In 1923, smart Joe Jacobs got Battling Siki, a coal-black African, to defend his world's light-heavyweight championship against his own boy, Mike McTigue. as Irish as the Blarney stonenot in New York, but in Dublin on St. Patrick's Day. In 1928. still smarter, he snitched Max Schmeling from the German manager who had brought him to the U. S., publicized him as the "German Dempsey," and, by storming into the ring and yelling "Foul" when Jack Sharkey hit Schmeling a questionably low blow, is generally credited with winning the world's heavyweight championship for Schmeling in 1930. Five years ago, Jacobs got hold of hog-fat, washed-up Tony Galento, ballyhooed him into a national celebrity, into the position of No. 1 challenger for Joe Louis' heavyweight crown. Had Louis stayed on the canvas nine more seconds, Joe Jacobs would have had his sixth world's champion.*
Sportswriters liked little Joe Jacobs. He was generous, gregarious, made good copy. They liked the taunts he put into beer-bibbing Tony Galento's mouth: "I'll murder dat bum" (Joe Louis). They echoed his casual remarks until they became part of Broadway's vernacular: "We wuz robbed" (when Schmeling lost to Sharkey in their second fight for the heavyweight title); "I shoulda stood in bed" (when he found himself among the shivering spectators at a World Series game one frosty day in Detroit).
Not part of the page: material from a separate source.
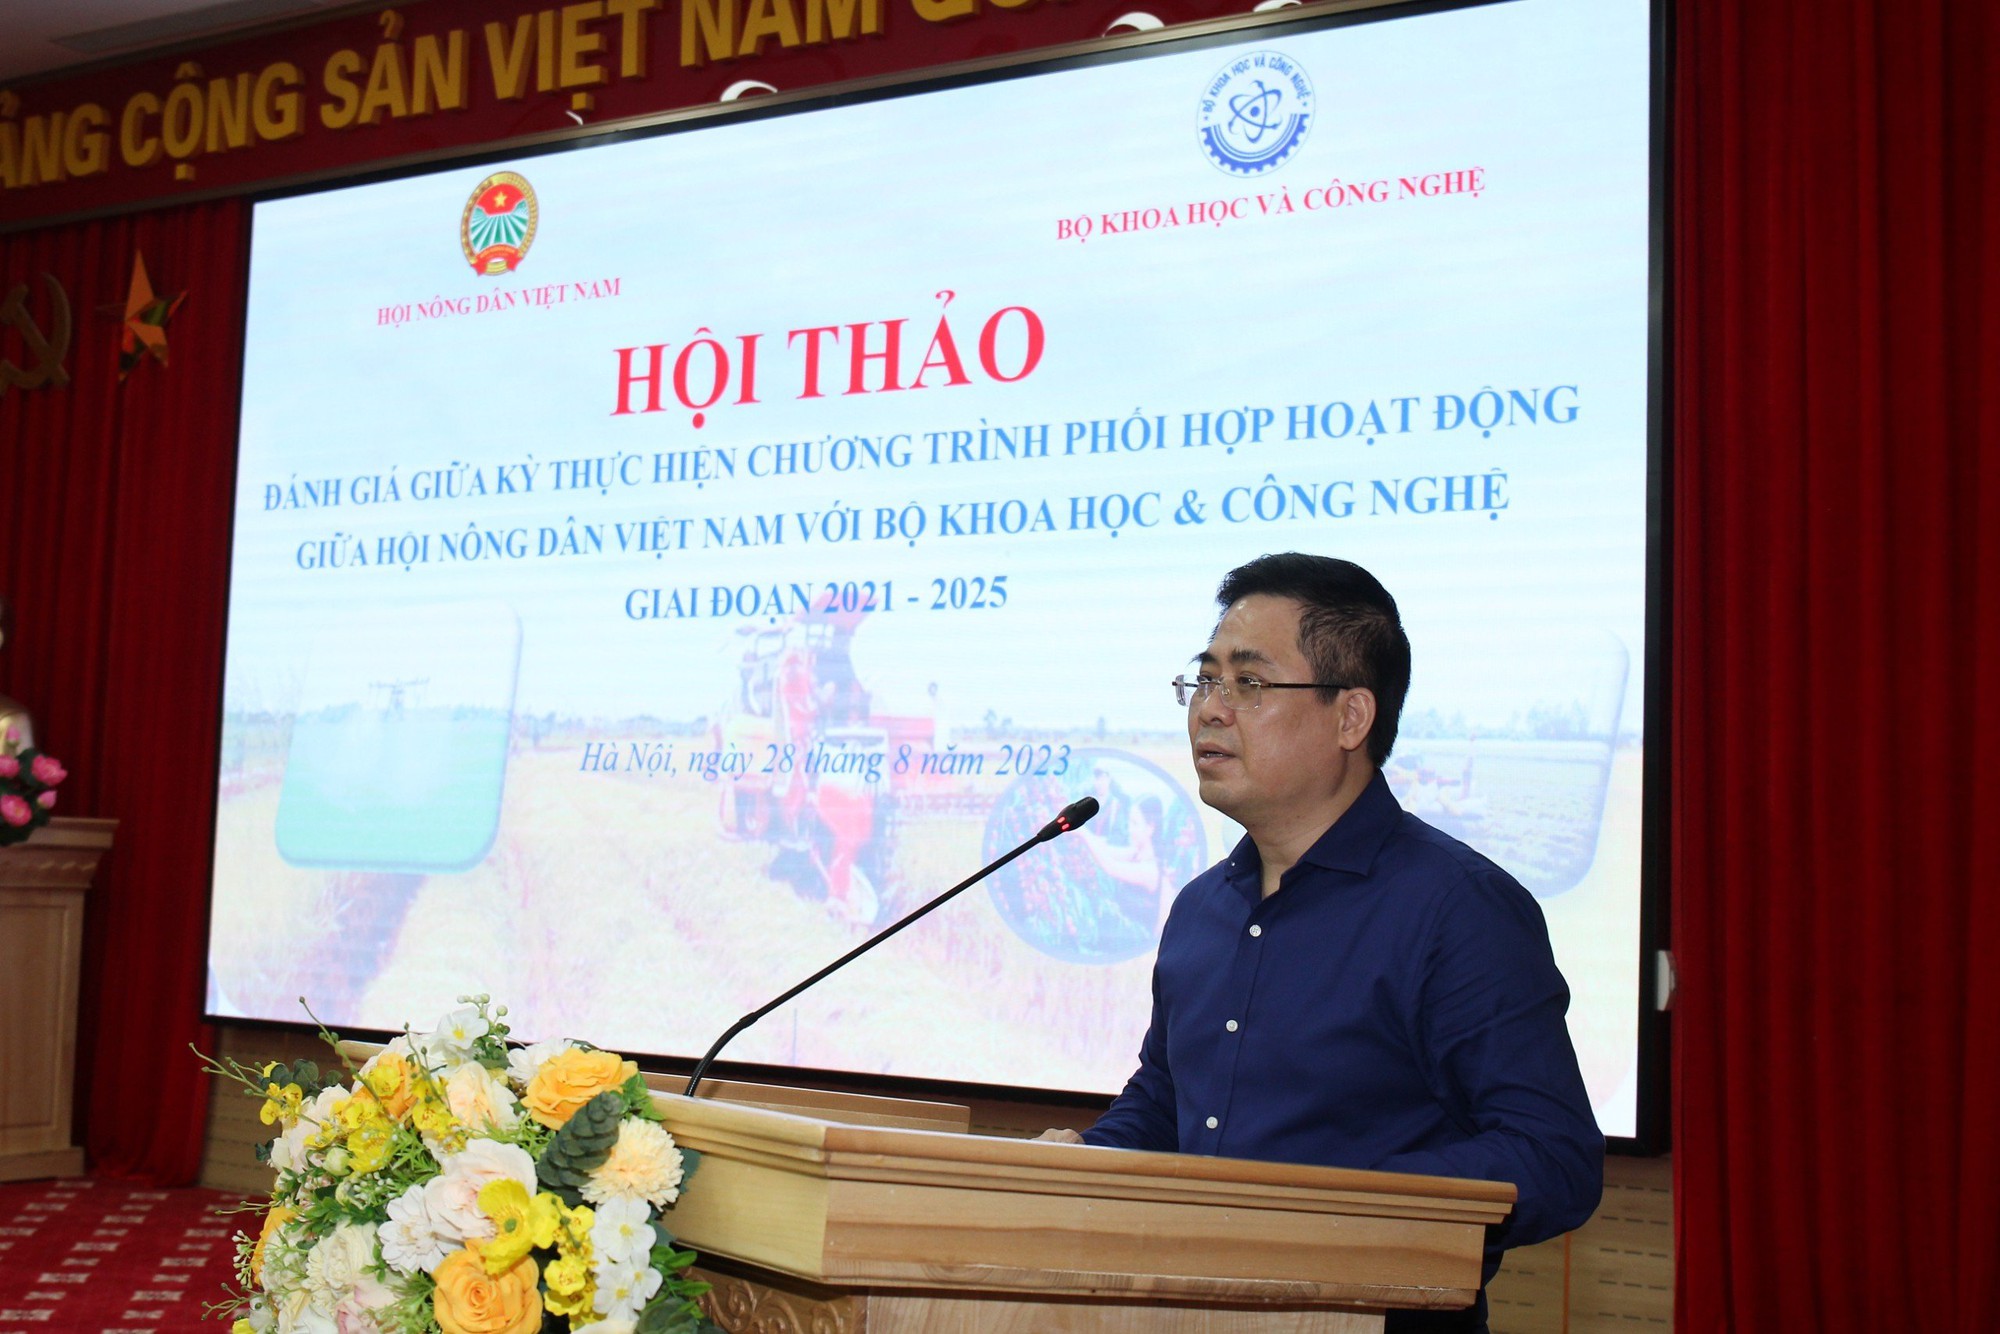 Hội thảo sơ kết đánh giá chương trình phối hợp giữa Hội Nông dân Việt Nam và Bộ Khoa học công nghệ - Ảnh 6.

Last week, while sportswriters moaned "We wuz robbed." the prizefight fraternity wondered what effect Joe Jacobs' passing would have. With Arturo Godoy and Tony Galento in line for another shot at Joe Louis' crown (Galento is scheduled to meet Max Baer in a tuneup at Jersey City May 28), it looked as if Galento might drop out of the picture. In his crepe-draped saloon, Two-Ton Tony blubbered: "I can't go on widout Joe."
* His five world's champions: Frank Genaro, André Routis, Jack Delaney, Mike McTigue, Max Schmeling.